Так говорил один из величайших физиков нашего времени Нильс Бор[37], с его замечательно ясным умом, спокойным взглядом синих глаз, с уравновешенностью мысли, духа и тела, которая свойственна только северным людям; он был датчанин.
…Так проходили одно за другим воспоминания о людях, — людях, без которых нет и не может быть того, что мы называем жизнью.
* * *Личное счастье, наука, уважение, сама жизнь ему улыбалась! Он только что кончил замечательный труд о турмалине, его доклады, блестящие по содержанию и замечательные по форме, привлекали к нему молодежь во всех научных собраниях; он заведовал прекраснейшим минералогическим музеем в стране, наследием кунсткамеры Петра; его сборы минералов на Урале обещали открыть совершенно новые горизонты в изучении уральских цепей.
Все улыбалось ему: и научное имя и личная жизнь; из этого рождалось то обаяние, которым он покорял всех и вся. Он видел эту улыбку фортуны, ему даже иногда казалось как-то страшным, что все складывается слишком хорошо и ярко в его жизни.
Он собирался уезжать на ледники Кавказа, чтобы изучить найденные им новые месторождения исландского шпата, — красивый, жизнерадостный и умный.
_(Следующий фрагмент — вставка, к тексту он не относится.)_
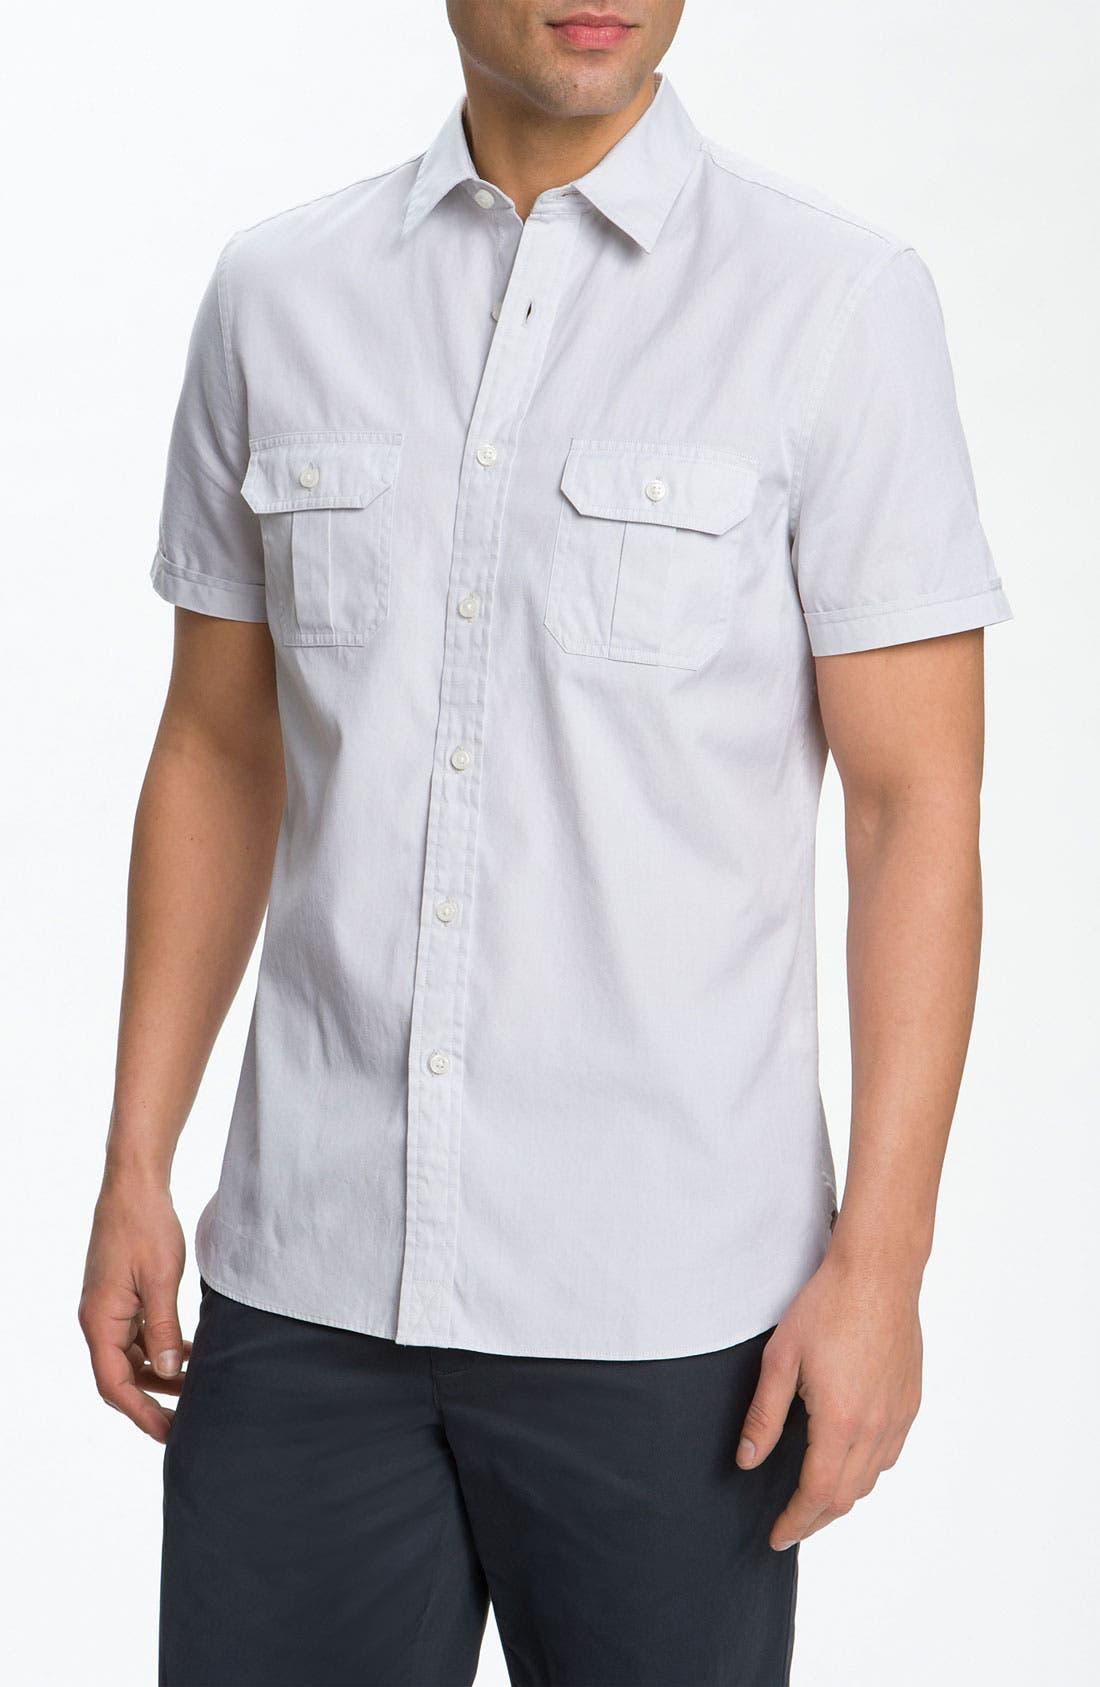 Main Image - Wallin & Bros. 'Richmond' Sport Shirt

Среди сутолоки укладки, снаряжения и подготовки экспедиции он успевал беседовать со мной, еще молодым студентом, пояснять свои идеи о минералах Кавказа и Крыма, показывать любимые образцы из дорогого ему музея.
А там, на Кавказе, произошло что-то непонятное…
Вечером, после удачного сбора минералов, когда его спутники уже перед сном сидели у костра, он сказал, что пойдет немного погулять. «Один, не надо сопровождать!»
Он ушел и не вернулся.
Долго-долго искали его и нашли его труп в трещинах ледника.
Это был Виктор Иванович Воробьев[38] — один из лучших молодых минералогов старой, дореволюционной России.